Thomas Kwa comments on The Hidden Complexity of Wishes

Thomas Kwa 24 Jan 2024 2:00 UTC
4 points
3
Even beyond that, I think “prior probability of a thing happening” is one kind of outcome pump, but the post does not specify that as the kind of outcome pump it’s talking about.
Disagree. The Outcome Pump is explicitly described as conditioning the future trajectory of the universe according to the reset function:
The Outcome Pump is not sentient. It contains a tiny time machine, which resets time unless a specified outcome occurs. For example, if you hooked up the Outcome Pump’s sensors to a coin, and specified that the time machine should keep resetting until it sees the coin come up heads, and then you actually flipped the coin, you would see the coin come up heads. (The physicists say that any future in which a “reset” occurs is inconsistent, and therefore never happens in the first place—so you aren’t actually killing any versions of yourself.)
Also because the Outcome Pump is not sentient, it cannot be actively interested in subverting your wish. Eliezer claims “The Outcome Pump is a genie of the second class. No wish is safe.”, implying that the subversion effect will happen even with the non-sentient, quantilizer-like Outcome Pump. It may happen that future AIs are unsafe, but this will be because they apply too much optimization.
- habryka 24 Jan 2024 2:05 UTC
  4 points
  0
  Parent
  Yeah, see my response to Richard. I was wrong about the Outcome Pump not being specified, but think that your use of “probability” in the top-level comment is still wrong. Clearly the outcome pump would not sample from your prior over likely events.
  It would sample from some universal prior over events (this is playing fast-and-loose with quantum mechanics, but a reasonable interpretation might be sampling from the quantum wave-function, if you take a more Copenhagen perspective).
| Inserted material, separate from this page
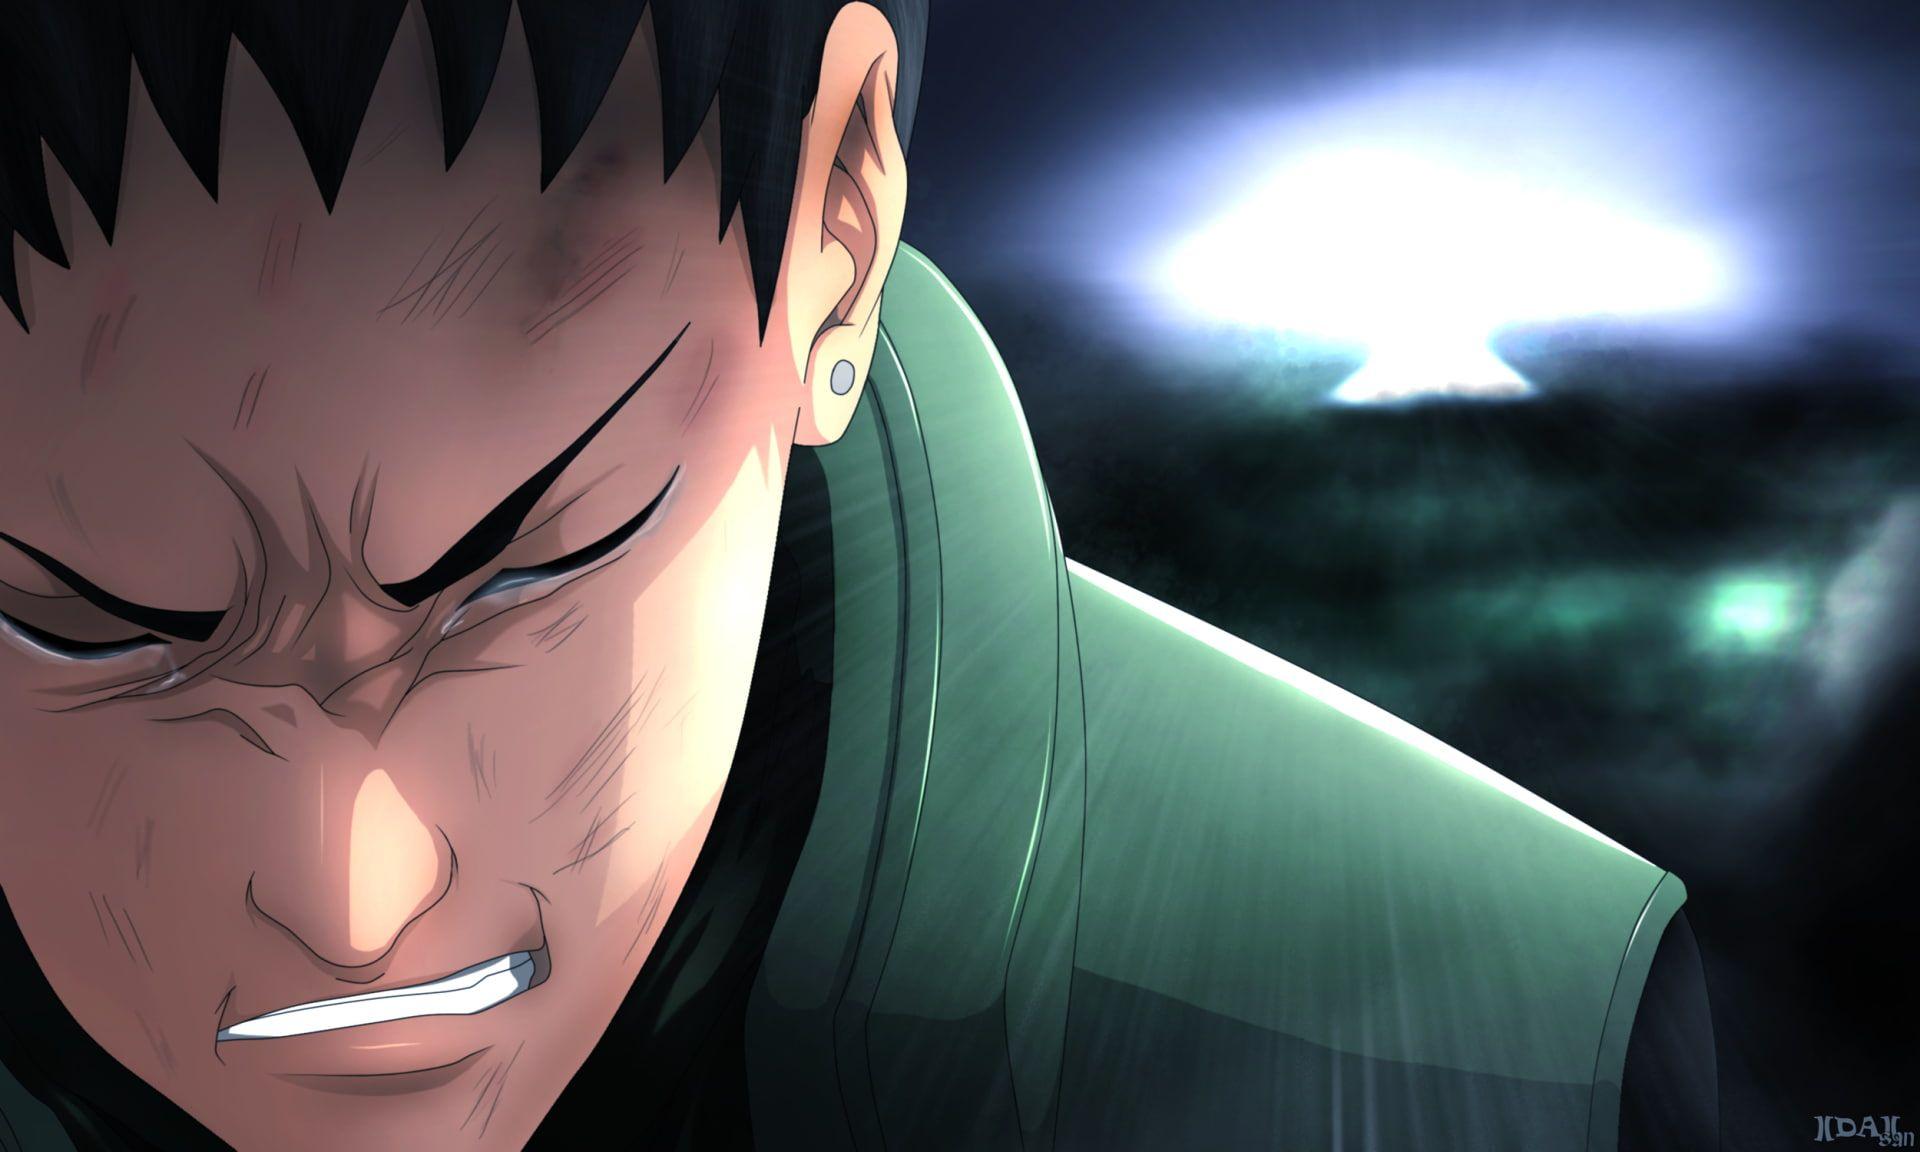 Anime Naruto Shikamaru Nara 1080p Wallpaper Hdwallpaper Desktop Shikamaru Naruto Anime Naruto
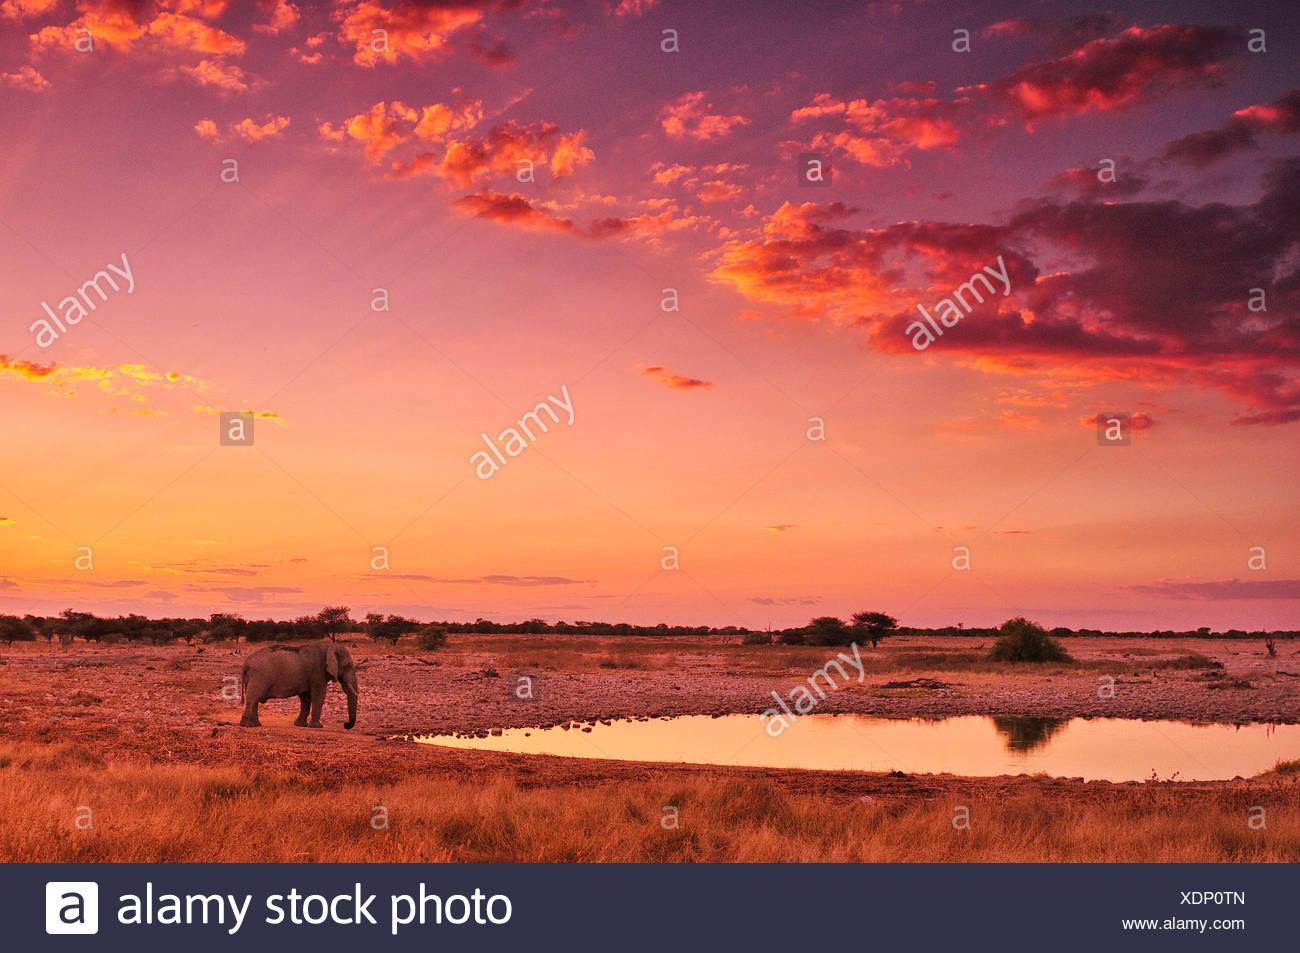 Africa, Namibia, Etosha, National Park, sunset, elephant, animal, waterhole, safari, animal, wildlife, red, Loxodonta african, a - Stock Image

Almost any universal prior here would be very oddly shaped, so that indeed you would observe the kinds of things that Eliezer is talking about.
  - Thomas Kwa 24 Jan 2024 2:25 UTC
    7 points
    1
    Parent
    I thought it was sampling from the quantum wavefunction, and still I think my argument works, unless this was a building that was basically deterministically going to kill your mother if you run physics from that point forward, or already had hazardous materials with a significant chance of exploding. I agree that you can’t use your own prior probabilities.
    Maybe I’m wrong about how much quantum randomness can influence events at a 5 minute timescale and the universe is actually very deterministic? If it’s very little such that you have to condition very hard to get anything to happen, then maybe the building does explode, but I’m not really sure what would happen.
    - Martin Randall 13 Dec 2024 3:56 UTC
      6 points
      3
      Parent
      I liked this discussion but I’ve reread the text a few times now, and I don’t think this fictional Outcome Pump can be sampling from the quantum wavefunction. The post gives examples that work with classical randomness, and not so much with quantum randomness. Most strikingly:
      
      … maybe a powerful enough Outcome Pump has aliens coincidentally showing up in the neighborhood at exactly that moment.
      
      The aliens coincidentally showing up in the neighborhood is a surprise to the user of the Outcome Pump, but not to the aliens who have been traveling for a thousand years to coincidentally arrive at this exact moment. They could be from the future, but the story allows time rewinding, not time travel. It’s not sampling from the user’s prior, because the user didn’t even consider the gas main blowing up.
      
      I think the simplest answer consistent with the text is that the Outcome Pump is magic, and sampling from what the user’s prior “should be”, given their observations.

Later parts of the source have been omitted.